Classification of eye irritation scores for all rabbits was determined
at each time point with the maximum mean total score (MMTS) by the
descriptive primary eye irritation scores system of Kay and Calandra (1962). Ocular lesions were scored according to the Draize scale for scoring eye lesions (Draize, 1944).
The average score for all rabbits at each scoring period was calculated
to aid in data interpretation. The rabbits were also observed at least
once daily for signs of gross toxicity and behavioral changes during the
test period. Observations included gross evaluation of skin and fur,
eyes and mucous membranes, respiratory, circulatory, plus autonomic and
central nervous systems, somatomotor activity, and changes in behavior
patterns. Occurrence of tremors, convulsions, salivation, diarrhea and
coma was closely monitored.
2.7. Bacterial reverse mutation assay
The Salmonella typhimurium
reverse mutation test was conducted to determine Meratrim's potential
to induce reverse mutation at selected histidine loci in five tester
strains of S. typhimurium viz. TA 98, TA 100, TA 102, TA 1535
and TA 1537 (Xenometrix GmbH, Allschwil, Switzerland) in the presence
and absence of metabolic activation system ( Ames et al, 1975 and Maron, Ames, 1983).
Suspensions of bacterial cells were exposed to Meratrim in triplicate
at concentrations of 313, 625, 1250, 2500 and 5000 µg/plate.
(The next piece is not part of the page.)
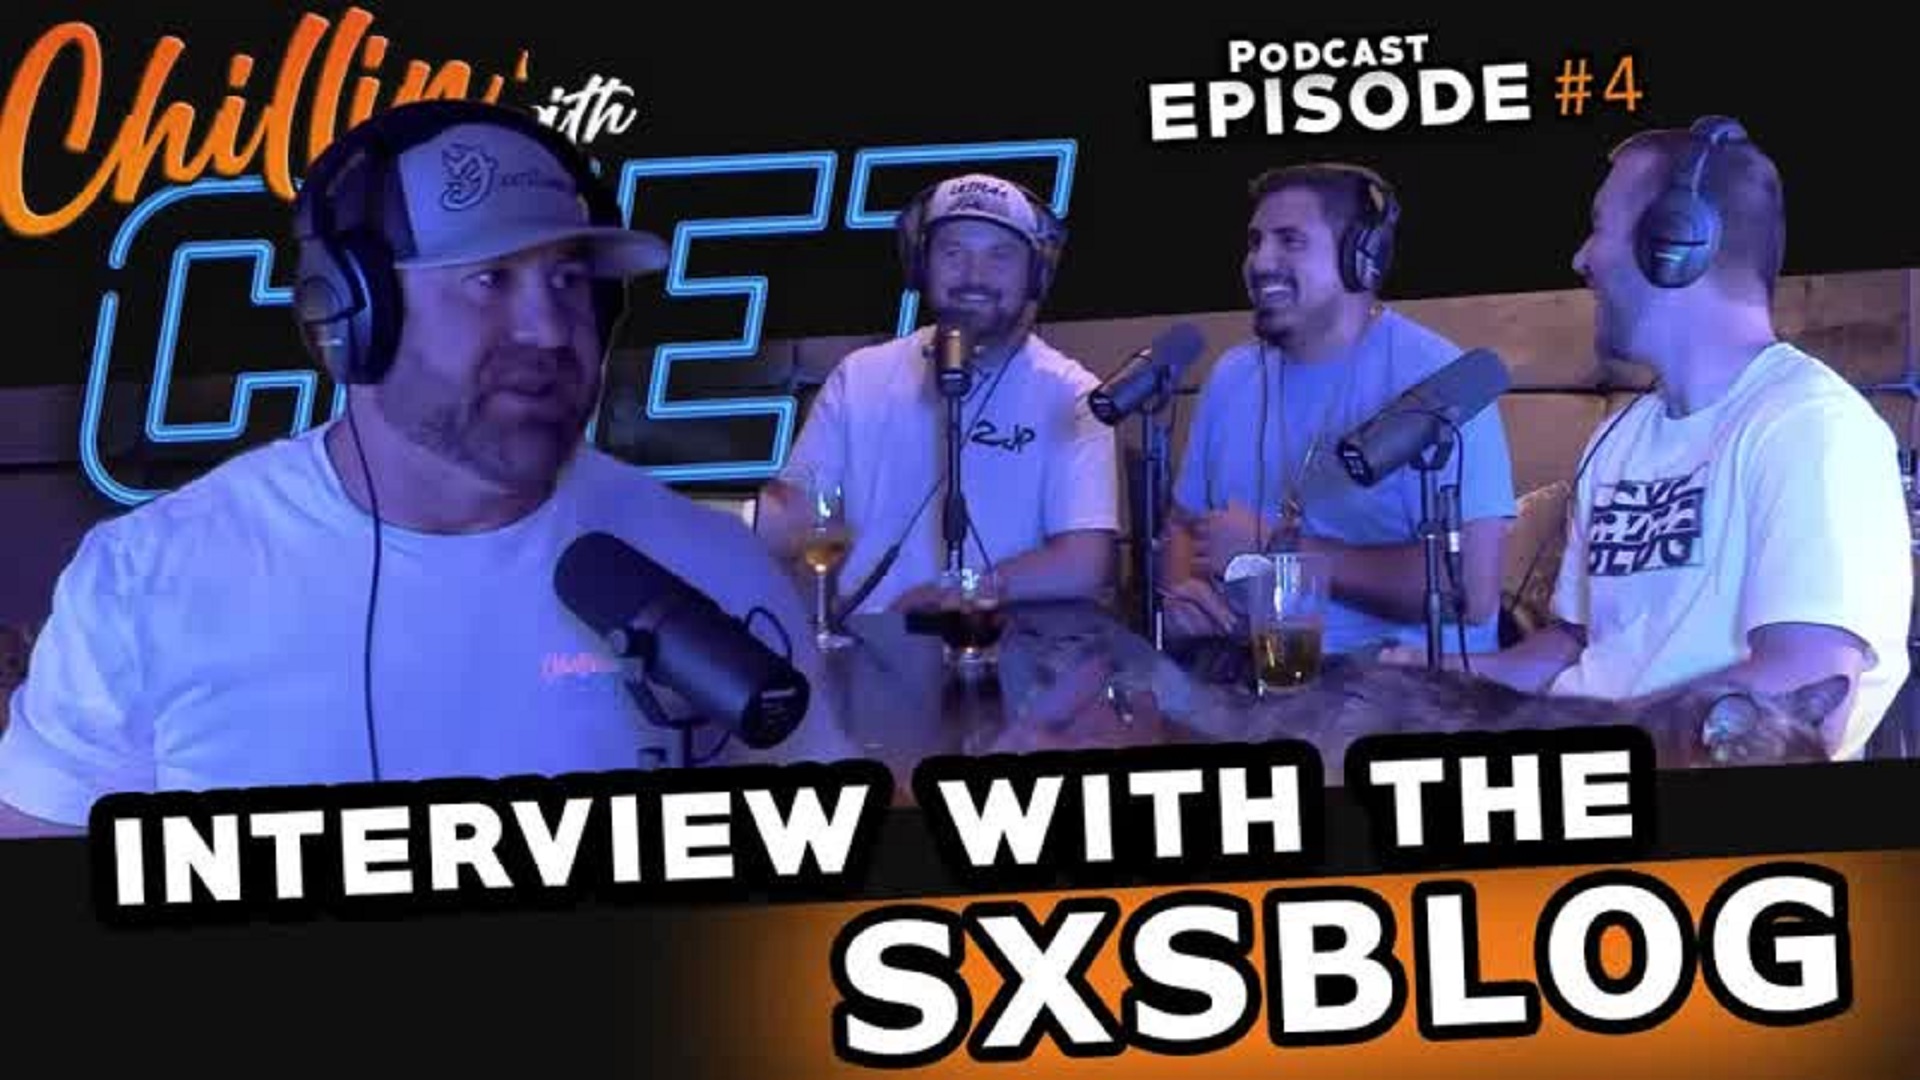 Getting to know the SXSBlog Guys | Chillin’ with Chet Podcast Episode #4

The
suspensions were mixed with an overlay agar and plated immediately onto
minimal medium. After 48 h incubation at 37 ± 2 °C, revertant colonies
were counted manually and compared to the number of spontaneous
revertant colonies on vehicle and control plates.
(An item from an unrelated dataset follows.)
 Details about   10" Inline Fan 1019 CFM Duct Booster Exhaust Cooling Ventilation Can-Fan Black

2.8. Mammalian erythrocyte micronucleus test
Thirty
male and thirty female healthy young (8–12 weeks old) Swiss albino mice
from the animal facility of Shriram Institute for Industrial Research
(Delhi, India) were randomized into three groups (n = 20/group; 10/sex).
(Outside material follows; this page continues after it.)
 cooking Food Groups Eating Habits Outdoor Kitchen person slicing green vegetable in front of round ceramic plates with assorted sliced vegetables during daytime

After randomization, the animals were housed in polypropylene cages
with each cage containing five animals per sex per group. Corn oil was
used as the vehicle for oral gavage of Meratrim. Oral administration was
chosen as it is the recommended route for human supplementation.
After
acclimation, mice were orally administered either corn oil (negative
group), Meratrim (test group) at 2000 mg/kg bw (20% corn oil
suspension), or cyclophosphamide (positive control) at 40 mg/kg bw. The
animals were sacrificed by cervical dislocation at 24 (n = 10/group;
5/sex) and 48 (n = 10/group; 5/sex) hours after dose administration. Two
hundred erythrocytes in the bone marrow cells of each animal were used
to score the total number of mature and immature erythrocytes. The
number of micronuclei per 2000 immature erythrocytes was also recorded.
The number of immature erythrocytes and mature erythrocytes, percent of
immature erythrocytes, and the number of micronuclei in immature
erythrocytes were all analyzed by ANOVA. A p-value <0.05 was
considered statistically significant.